Paleologue identification using Frackify
We used Frackify to identify paleologues in the Ceratopteris genome originating from the WGD peak at Ks 1.3 (ref. 53). Frackify is a machine learning approach that uses multiple features from gene age distributions and synteny to identify paleologues in genomes53. Syntenic blocks were identified using MCScanX112 set to a minimum match size (-s) of three based on Zhoa and Shranz126. This analysis recovered 193 syntenic blocks representing 923 collinear genes. Given that Ceratopteris does not have a closely related outgroup with a high-quality reference genome available, we used a version of Frackify trained without an outgroup (https://gitlab.com/barker-lab/frackify). For this analysis, Frackify identified a total of 395 paleologues within the syntenic blocks identified by MCScanX.
To assess the relative rate of fractionation in the Ceratopteris genome compared with other plant genomes, we compared the distribution of syntenic block sizes and WGD age for Ceratopteris, Azolla filiculoides, Salvinia cucullata, Ginkgo biloba and 27 flowering plant genomes (Supplementary Table 8)53. We used MCScanX set to minimum match size (-s) of three to identify synteny blocks in the 31 plant species126. We then compared the distribution of syntenic block lengths in Ceratopteris against the entire dataset (Fig. 2c). Finally, we used the fitdistr() function from the MASS R library to fit a log normal distribution to the distribution of syntenic block lengths in each species127. We compared the standard deviation of the log normal distribution in each species against the mean Ks of the focal WGD (Fig. 2c).
Whole-genome bisulfite sequencing and DNA methylation patterns on genes and repeats
The Ceratopteris bisulfite sequencing data used in this study were processed by Methylpy v.1.4.2 as described in Schultz et al.128. Quality filtering and adaptor trimming were performed using cutadapt v.1.18 (ref. 129). Qualified reads were aligned to the Ceratopteris v.2.1 reference genome using bowtie v.2.4.1 (ref. 130). Only uniquely aligned and non-clonal reads were retained (Supplementary Table 9). Lambda genomic DNA was used as a control to calculate the sodium bisulfite reaction conversion rate of unmodified cytosines, which was >99.9% for this sample. A binomial test was used to determine the methylation status of cytosines with a minimum coverage of three reads.
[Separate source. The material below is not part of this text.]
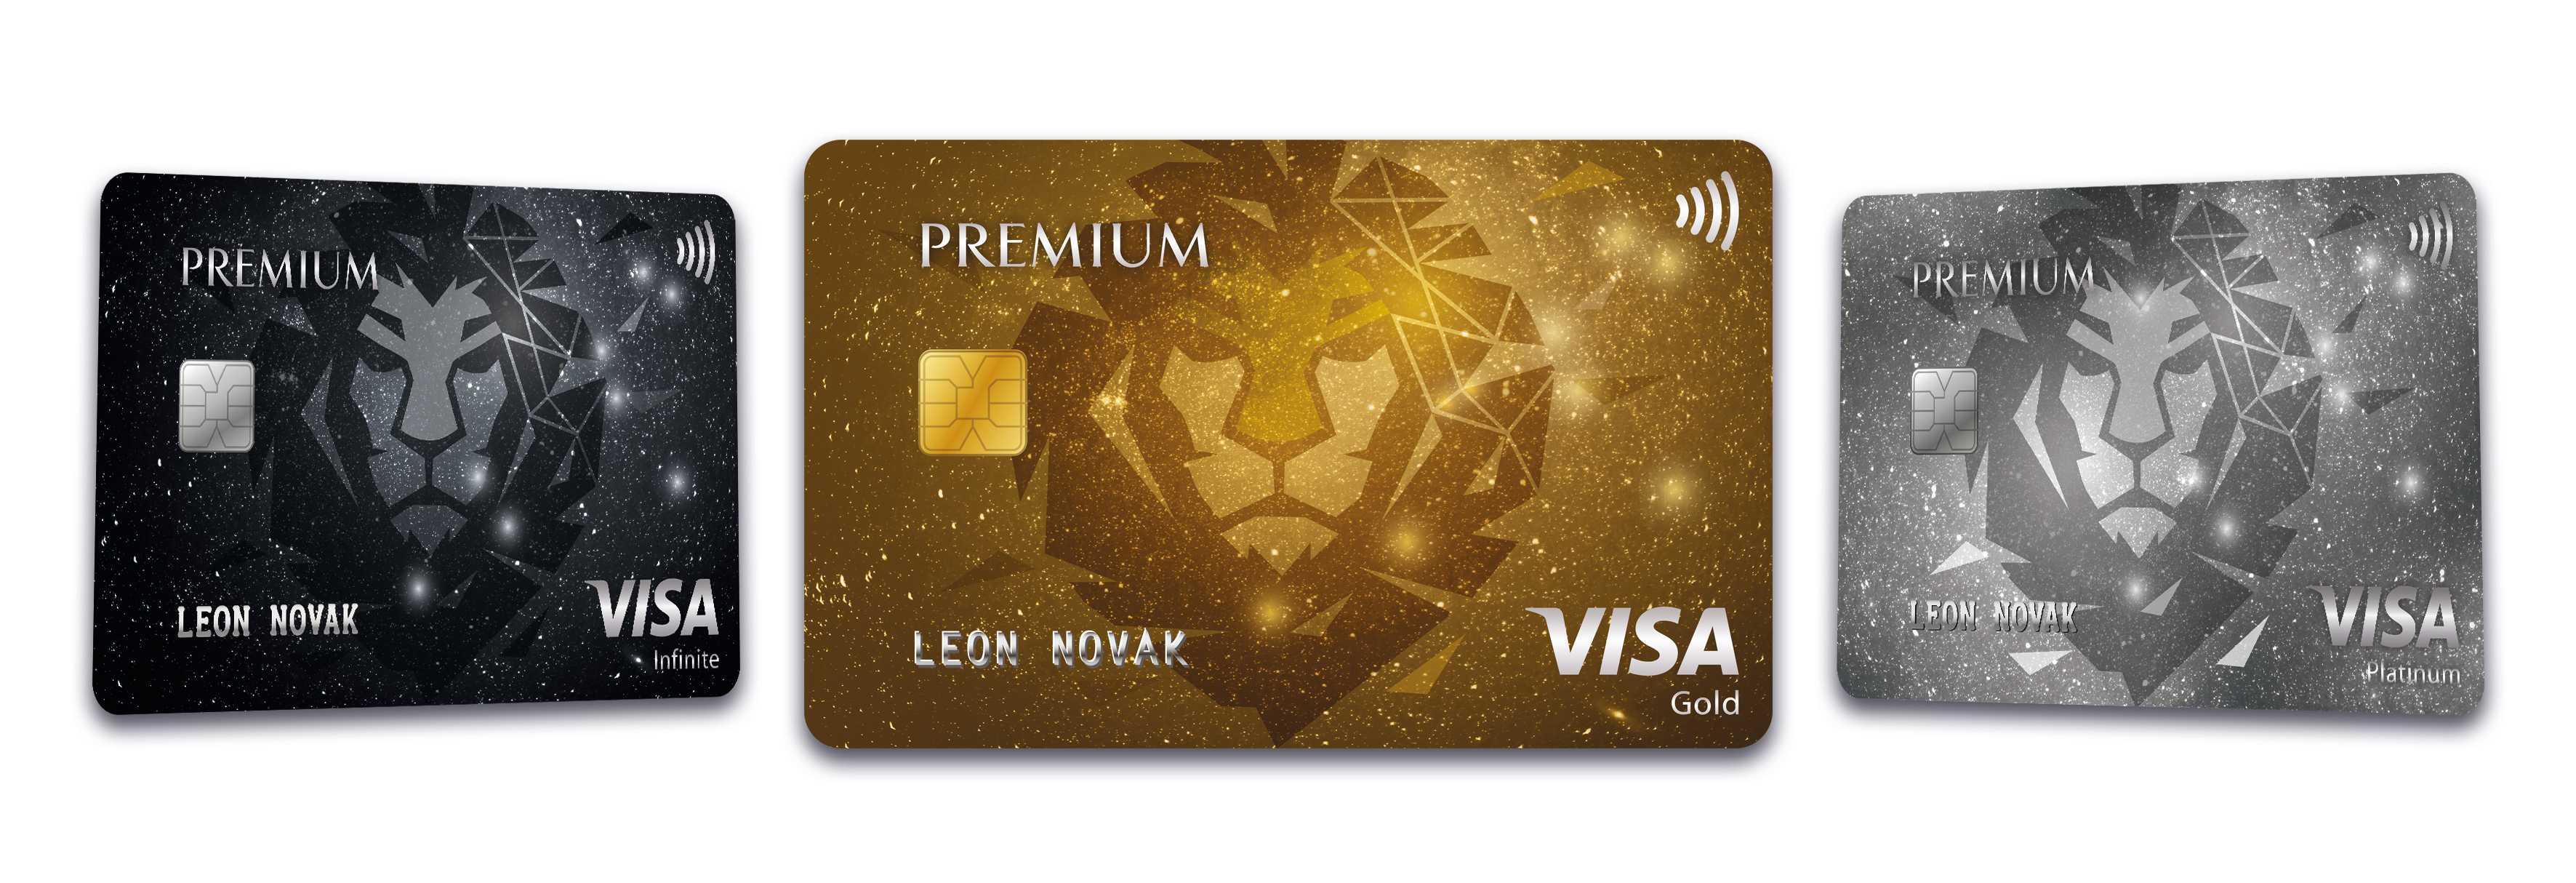 New Visa Premium Cards Launched

The gene or repeat body was divided into 20 windows. Additionally, regions 1,000 bp upstream and downstream were each divided into twenty 50 bp windows. Methylation levels were calculated for each window according to previous recommendations128. The mean methylation level for each window was then calculated for all genes and all repeats, respectively. Locations of genes and repeats were obtained from the annotated gff files of the Ceratopteris v.2.0 reference.
The two CMT genes (Ceric.34G031800, Ceric.12G007000) were identified from our annotations (PFAM, PANTHER, KEGG) and possess the BAH, CHROMO and C-5 cytosine-specific DNA methylase domains.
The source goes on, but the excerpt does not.